How Email Routing Works: From Send Button to Inbox
You click send on an email and it arrives in someone's inbox moments later. The path it takes to get there is more involved than most people realize — multiple servers, DNS lookups, authentication checks, and spam scoring all happen in the seconds between send and delivery.
Step 1: Your Email Client Submits to Your Outbound Server
When you click send, your email client (Gmail, Outlook, Apple Mail, Thunderbird) connects to your outbound SMTP server. For personal Gmail this is smtp.gmail.com; for a business email service it is whatever your provider specifies. This connection typically uses port 587 with STARTTLS encryption, or port 465 with direct SSL. Your client authenticates with your username and password, then hands off the message.
Step 2: Your Server Signs the Message
The outbound server processes the message and, if properly configured, adds authentication signatures. DKIM signing adds a cryptographic signature to the message headers based on the message content and your domain's private key. This signature allows receiving servers to verify that the message was sent by an authorized server for your domain and was not altered in transit.
Step 3: DNS MX Lookup for the Recipient Domain
To deliver the message, your outbound server needs to know which server handles email for the recipient domain. It performs a DNS MX record lookup for the recipient's domain. The MX record returns one or more mail server hostnames with priority values.
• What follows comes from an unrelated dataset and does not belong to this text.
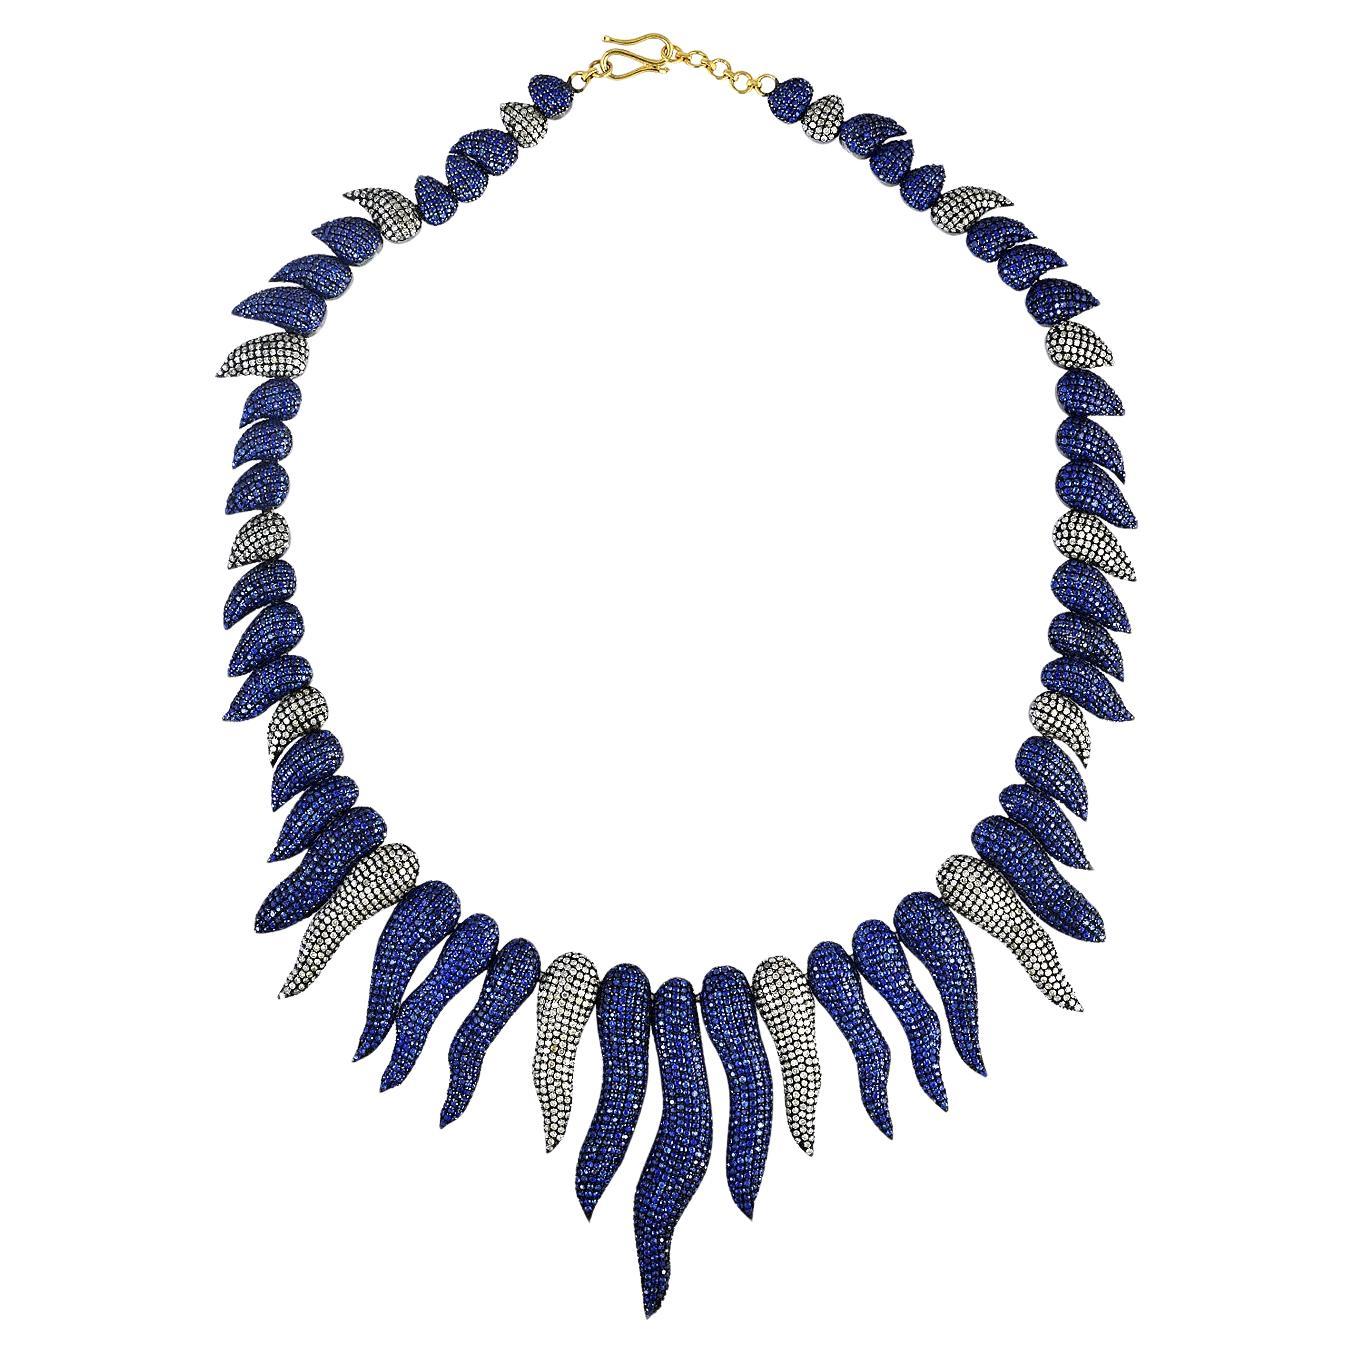 35.06 ct Pave Blue Sapphire & Pave Diamonds Tribal Style Necklace In 14k Gold For Sale

The sending server attempts delivery to the highest-priority (lowest number) server first, falling back to lower-priority servers if the primary is unavailable.
Step 4: SMTP Delivery to the Receiving Server
Your outbound server opens an SMTP connection directly to the recipient's mail server, typically on port 25. The servers exchange a greeting, identify themselves with EHLO, and transfer the message. Modern mail-to-mail connections use opportunistic TLS — they encrypt the connection if both servers support it, which most do.
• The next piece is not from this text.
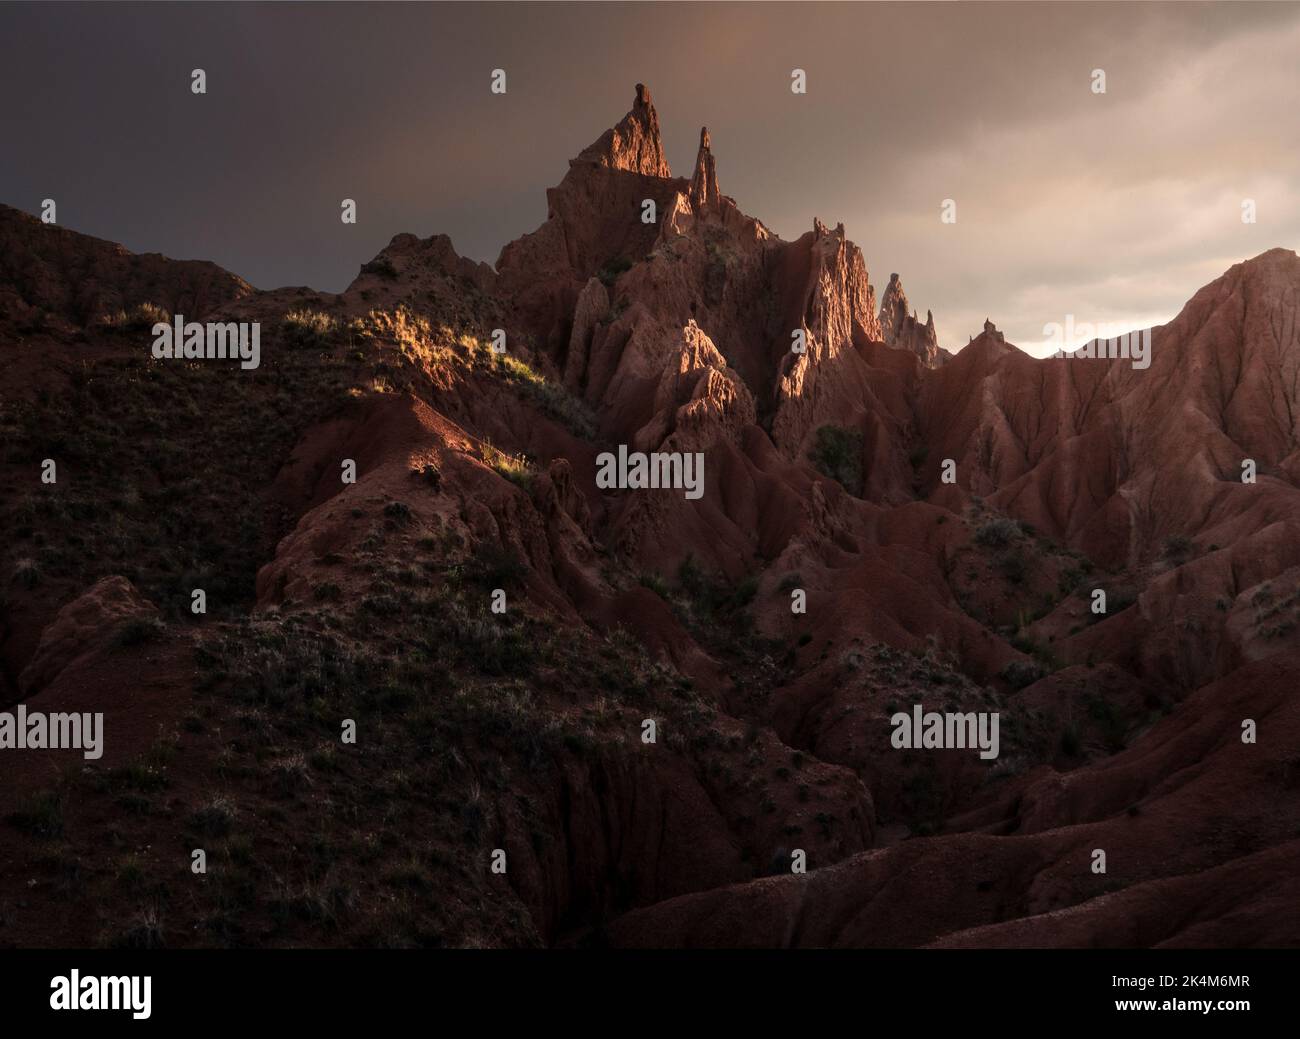 https://c8.alamy.com/comp/2K4M6MR/sharp-rock-formations-and-dramatic-sunset-at-colourful-skazka-fairytale-canyon-in-issyk-kul-region-kyrgyzstan-2K4M6MR.jpg

Step 5: Authentication and Spam Checks
The receiving server runs a battery of checks on the incoming message. SPF check: is the sending server's IP authorized in the sender domain's SPF record? DKIM check: does the DKIM signature verify against the public key in the sender's DNS? DMARC check: given the SPF and DKIM results, does the message pass the domain owner's stated policy? PTR check: does the sending IP have a valid reverse DNS entry?
Beyond authentication, the server runs the message through spam scoring — analyzing content, links, sending history, blacklist status of the sending IP, and dozens of other signals. High-volume providers like Gmail use machine learning models that weigh all these signals together.
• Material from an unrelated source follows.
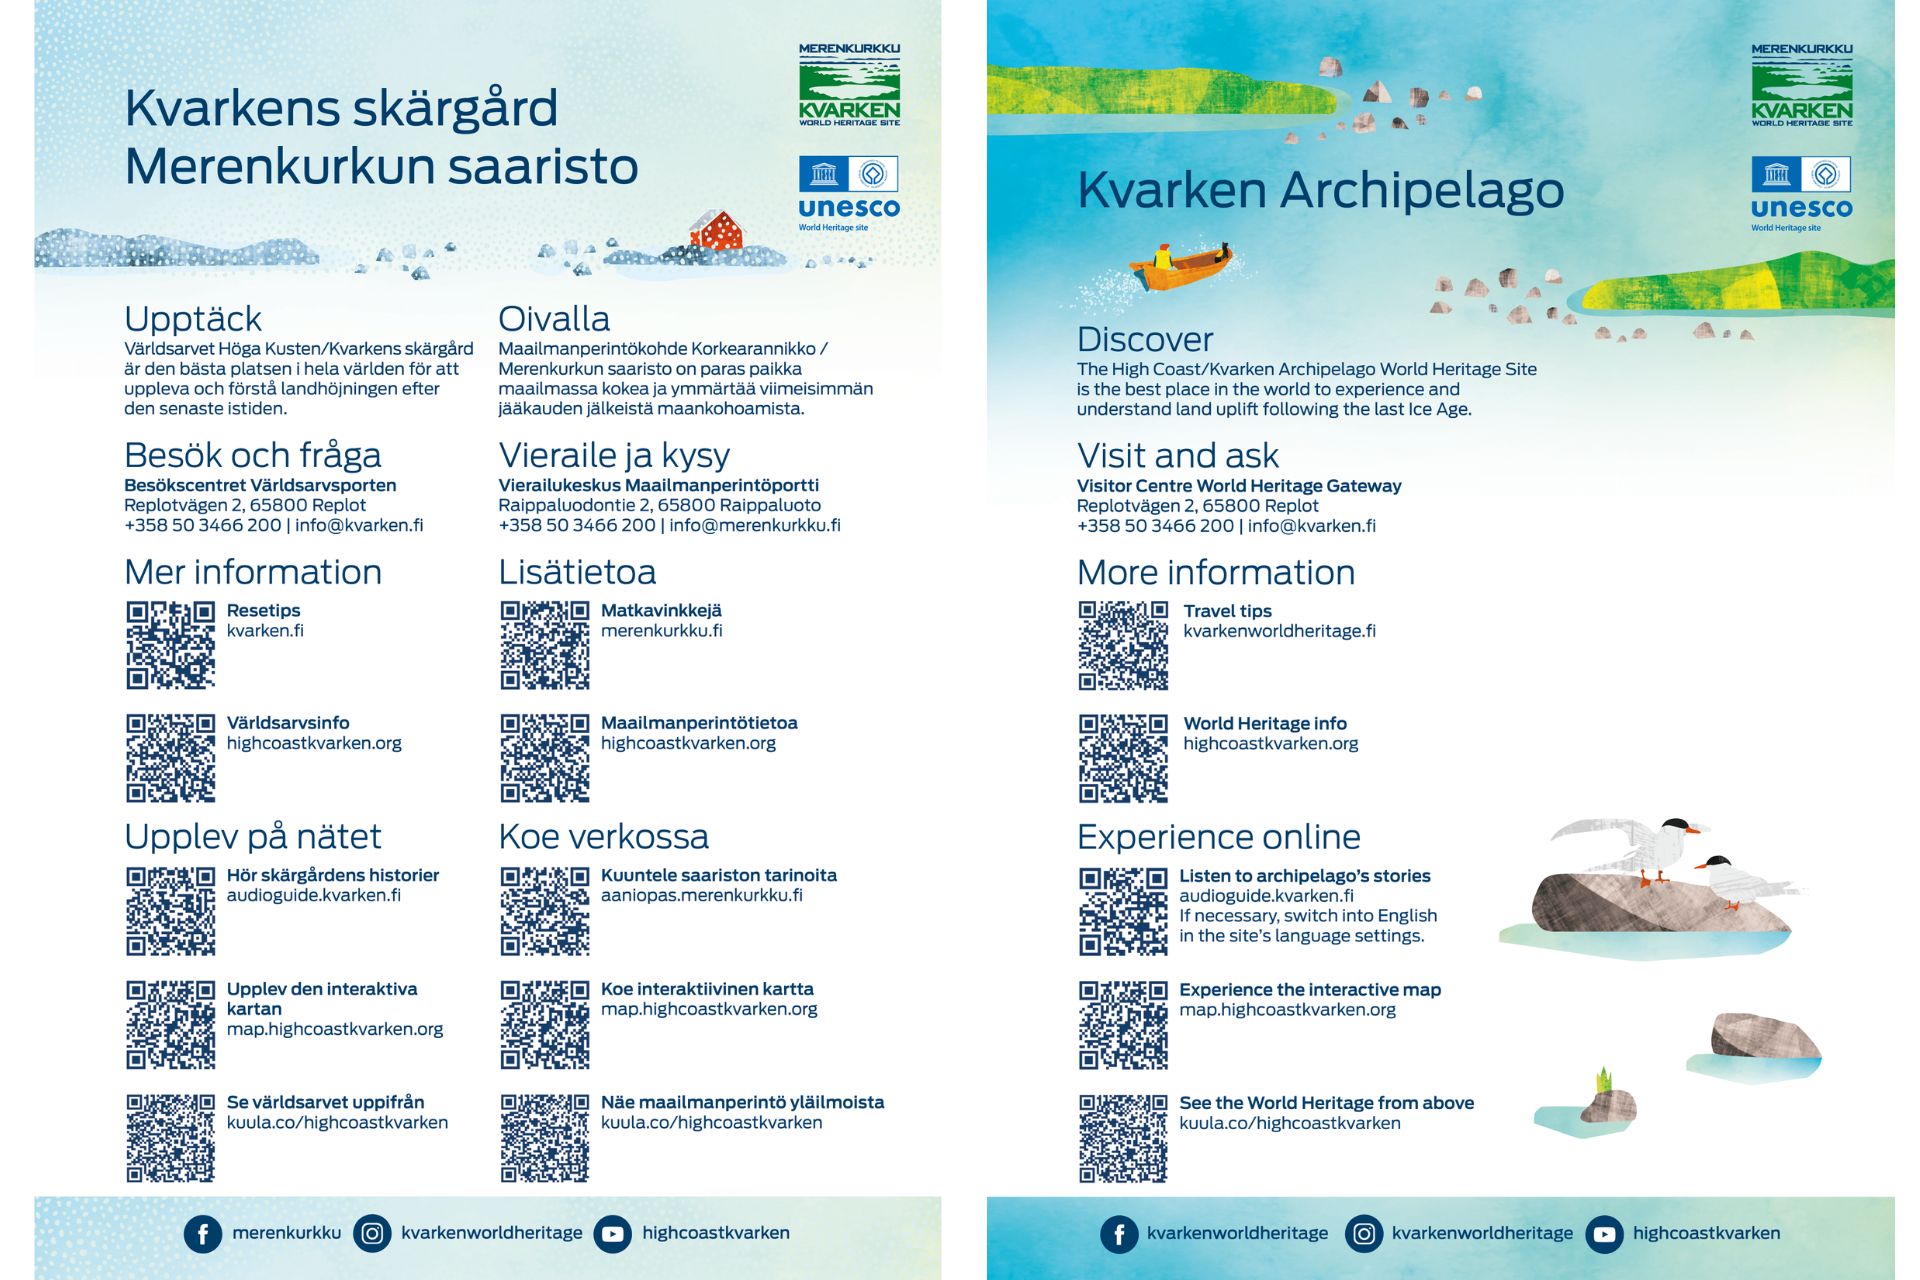 A photo of a Kvarken Archipelago flyer with QR codes and information about the World Heritage Site in Swedish, Finnish and English.

Step 6: Delivery to the Mailbox
If the message passes all checks, the receiving server stores it in the recipient's mailbox using its internal mail storage system (typically Maildir or mbox format). The recipient's email client then retrieves new messages either via IMAP (which keeps messages on the server and syncs across devices) or POP3 (which downloads messages to the client and typically removes them from the server).
What Happens When It Does Not Work
If delivery fails temporarily — server busy, rate limit hit, temporary connection error — the sending server queues the message and retries on a schedule (typically within minutes at first, spacing out to hours over a 4–5 day window). If delivery fails permanently — address does not exist, domain does not accept mail, message rejected as spam — you receive a bounce message explaining the reason with an SMTP error code. 550 means the mailbox does not exist. 421 means try again later. 554 means rejected, often for spam reasons.